= European Hematology Association =

Professional organisation

The European Hematology Association (EHA) is a non-governmental and not-for-profit membership organization that is guided by its mission to promote excellence in patient care, research, and education in hematology.

==History==
The European Hematology Association (EHA) was officially established in 1992. EHA is a global platform for excellence in hematology, focusing on blood, blood cells, and blood disorders such as leukemia, lymphoma, hemophilia, anemia and thrombosis.

==Activities==
- Connecting hematologists worldwide: EHA is the largest Europe-based organization that brings together medical professionals, researchers and scientists with an active interest in hematology. EHA holds an annual congress to facilitate that mission.
- Supporting career development and research to accelerate the careers of junior scientists: EHA provides research grants and mentoring and training programs for basic, translational, and clinical researchers in the field of malignant and non-malignant hematology.
- Harmonizing hematology education: EHA is an independent provider of hematology education, with a comprehensive and integral curriculum that forms the basis of EHA Medical Education Program.

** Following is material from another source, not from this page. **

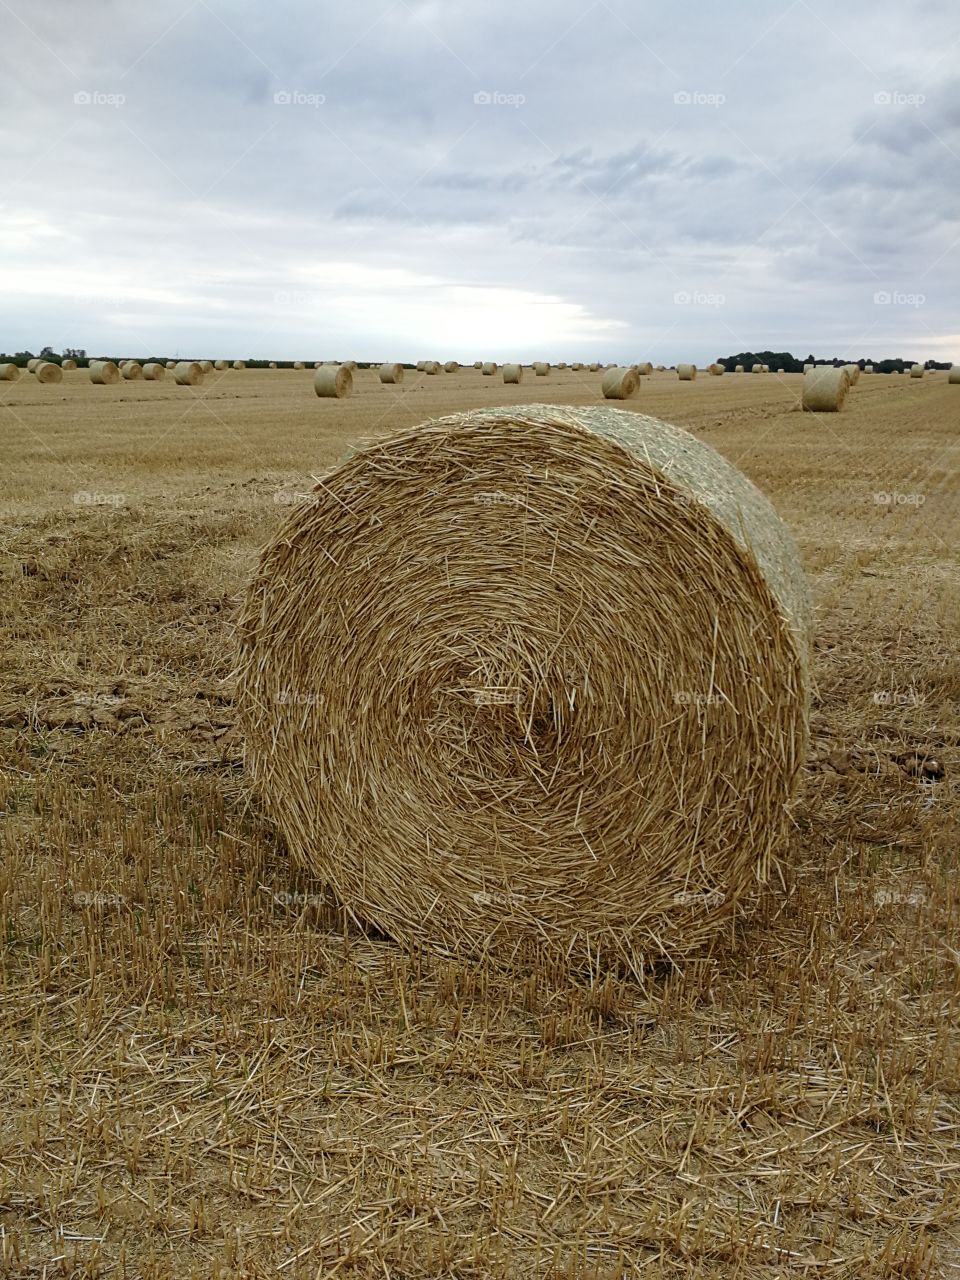 straw for animal feed during the winter

Through this program, professionals acquire knowledge by various means, such as an online learning platform, educational meetings and a European Hematology Exam.
- Advocating the interests of hematologists and hematology: EHA represents hematology and hematologists in the European political and policy arena to achieve research funding opportunities, improve regulation, increase the availability and affordability of medicines, and harmonize education and training of hematologists.
==Publication==
HemaSphere is the official open access journal of the European Hematology Association. The journal publishes basic, translational and clinical research as well as review articles with recommendations for future research and clinical applications.